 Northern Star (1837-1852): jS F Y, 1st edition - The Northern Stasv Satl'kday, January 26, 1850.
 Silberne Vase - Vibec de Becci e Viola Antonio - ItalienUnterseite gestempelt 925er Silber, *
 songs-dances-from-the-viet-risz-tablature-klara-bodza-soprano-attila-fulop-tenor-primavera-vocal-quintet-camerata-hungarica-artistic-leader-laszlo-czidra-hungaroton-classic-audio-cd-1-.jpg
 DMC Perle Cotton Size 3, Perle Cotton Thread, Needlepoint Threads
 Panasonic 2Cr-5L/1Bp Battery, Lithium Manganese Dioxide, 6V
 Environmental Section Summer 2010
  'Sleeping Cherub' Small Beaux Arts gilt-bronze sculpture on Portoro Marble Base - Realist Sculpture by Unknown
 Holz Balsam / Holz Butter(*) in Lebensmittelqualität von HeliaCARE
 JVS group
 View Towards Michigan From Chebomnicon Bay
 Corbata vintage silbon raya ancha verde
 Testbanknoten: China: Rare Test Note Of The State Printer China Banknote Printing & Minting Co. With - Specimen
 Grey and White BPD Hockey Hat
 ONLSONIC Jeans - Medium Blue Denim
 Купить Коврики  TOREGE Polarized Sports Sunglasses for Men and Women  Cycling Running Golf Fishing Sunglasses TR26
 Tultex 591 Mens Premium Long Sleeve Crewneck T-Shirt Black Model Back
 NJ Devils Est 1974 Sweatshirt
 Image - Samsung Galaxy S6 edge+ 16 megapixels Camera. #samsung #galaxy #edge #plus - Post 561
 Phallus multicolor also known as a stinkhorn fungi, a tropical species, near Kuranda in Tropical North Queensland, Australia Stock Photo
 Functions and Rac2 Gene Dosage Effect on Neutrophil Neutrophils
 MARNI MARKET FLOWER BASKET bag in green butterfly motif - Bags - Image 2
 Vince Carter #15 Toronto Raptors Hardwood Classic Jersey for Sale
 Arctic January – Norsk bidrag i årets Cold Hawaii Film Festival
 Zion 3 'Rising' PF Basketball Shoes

------------------------------------

→ YOUR GOAL: Check each line of the entries above for the word "January". List the ones that have it.

→ ANSWER SECTION:
 Northern Star (1837-1852): jS F Y, 1st edition - The Northern Stasv Satl'kday, January 26, 1850.
 Arctic January – Norsk bidrag i årets Cold Hawaii Film Festival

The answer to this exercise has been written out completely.